Kemp plays with Hawk Talon, one of the three drum groups that performed the ancient rhythms during the three-day festival. Kemp has Cherokee ancestors from Oklahoma; his wife is part Crow.
Their children dance, too. Six-year-old Logan wore the colorful regalia of a "fancy" dancer, with feathers that bounced, ribbons that wiggled and mirrors that flashed as he danced to the drum beat.
Kemp said he tells Josh, his 9-year-old son, not to watch how others are dancing and simply concentrate on the music.
"When you dance to the beat of the drum," Kemp said, "you hear the beat of the earth."
Those three danced several times each day, along with many others clad in tribal regalia in the diverse crowd.
Stepping slowly in rhythm with the drum, ninth-grader Sarah Lovingood moved around the powwow circle.

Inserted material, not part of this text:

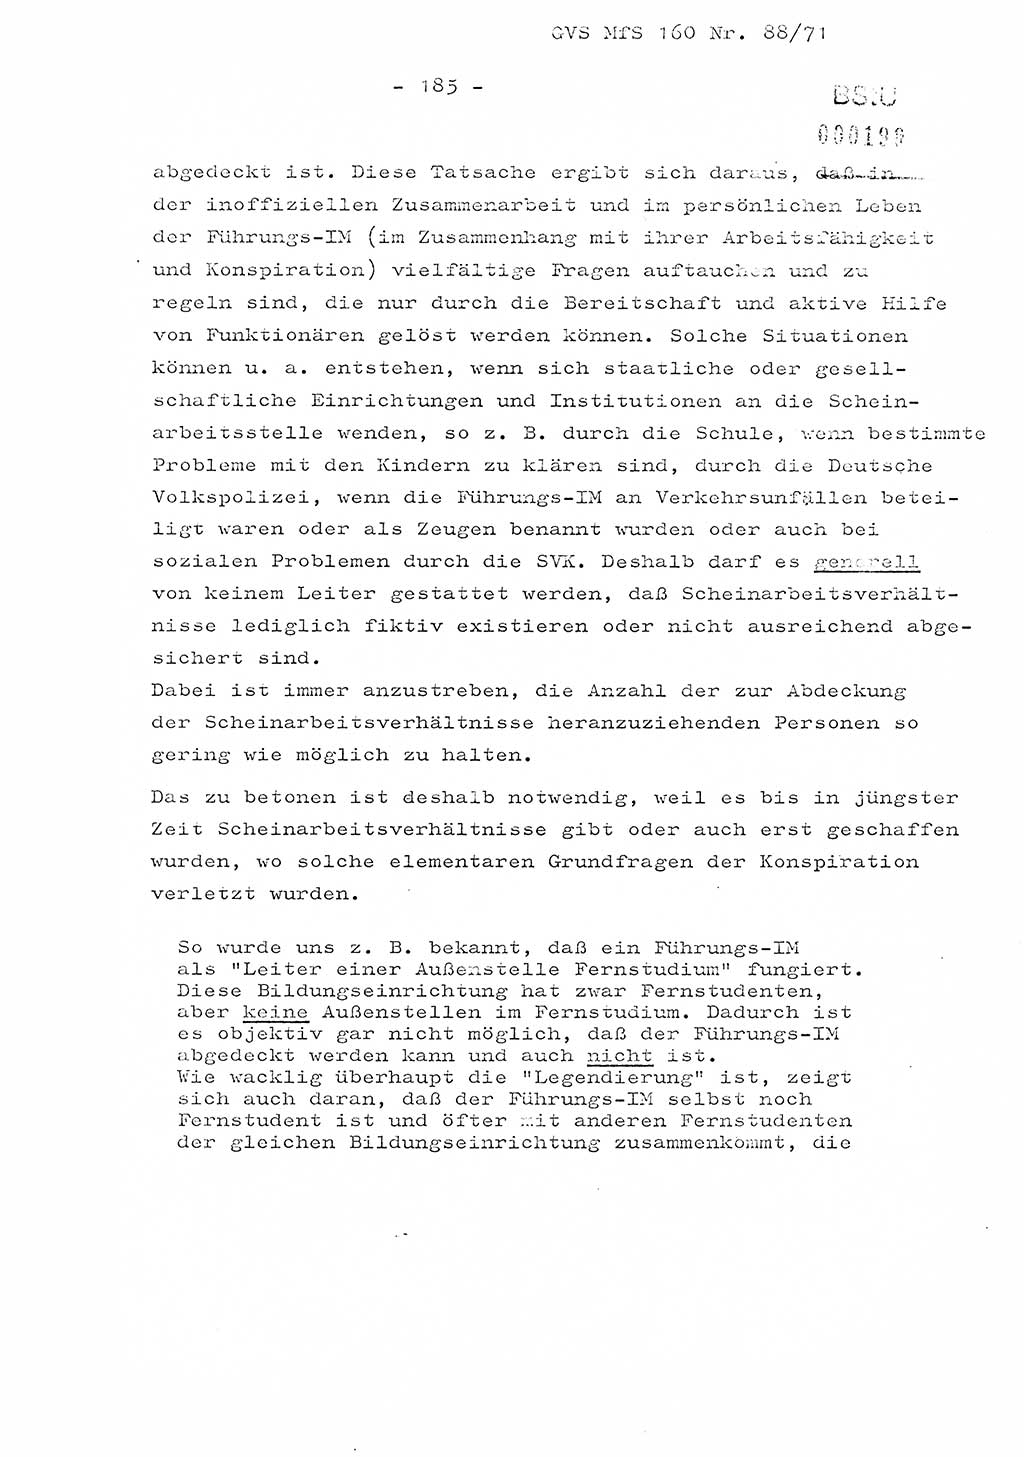 Dissertation Oberstleutnant Josef Schwarz (BV Schwerin), Major Fritz Amm (JHS), Hauptmann Peter Gräßler (JHS), Ministerium für Staatssicherheit (MfS) [Deutsche Demokratische Republik (DDR)], Juristische Hochschule (JHS), Geheime Verschlußsache (GVS) 160-88/71, Potsdam 1972, Seite 185 (Diss. MfS DDR JHS GVS 160-88/71 1972, S. 185)

She wore the traditional buckskin dress, fringed with sea shells. She held her chin high, with just a hint of a smile.
Her mother, Carol Lovingood, recently discovered Blackfoot and Cherokee ancestry. Since then, the two Austinville residents have been traveling to any area powwow they could find.
Ahead of Sarah danced the lead dancer, Phillip Sturgill of Piney Flats, Tenn. Long eagle feathers jutted from his forehead, shoulders and back. He danced low, with the jerk of a bucking horse and eyes that stared past the watching crowd.
Sturgill is not an American Indian, but learned to dance as a Boy Scout when he was 13. For him, powwows are a way of life. It's difficult to explain the power of it all, he said, to someone who's never danced in the circle.
And so they moved, placidly or powerfully, around and around.
That, said Hoover, pointing to the mass of dancers, is the birth of a nation.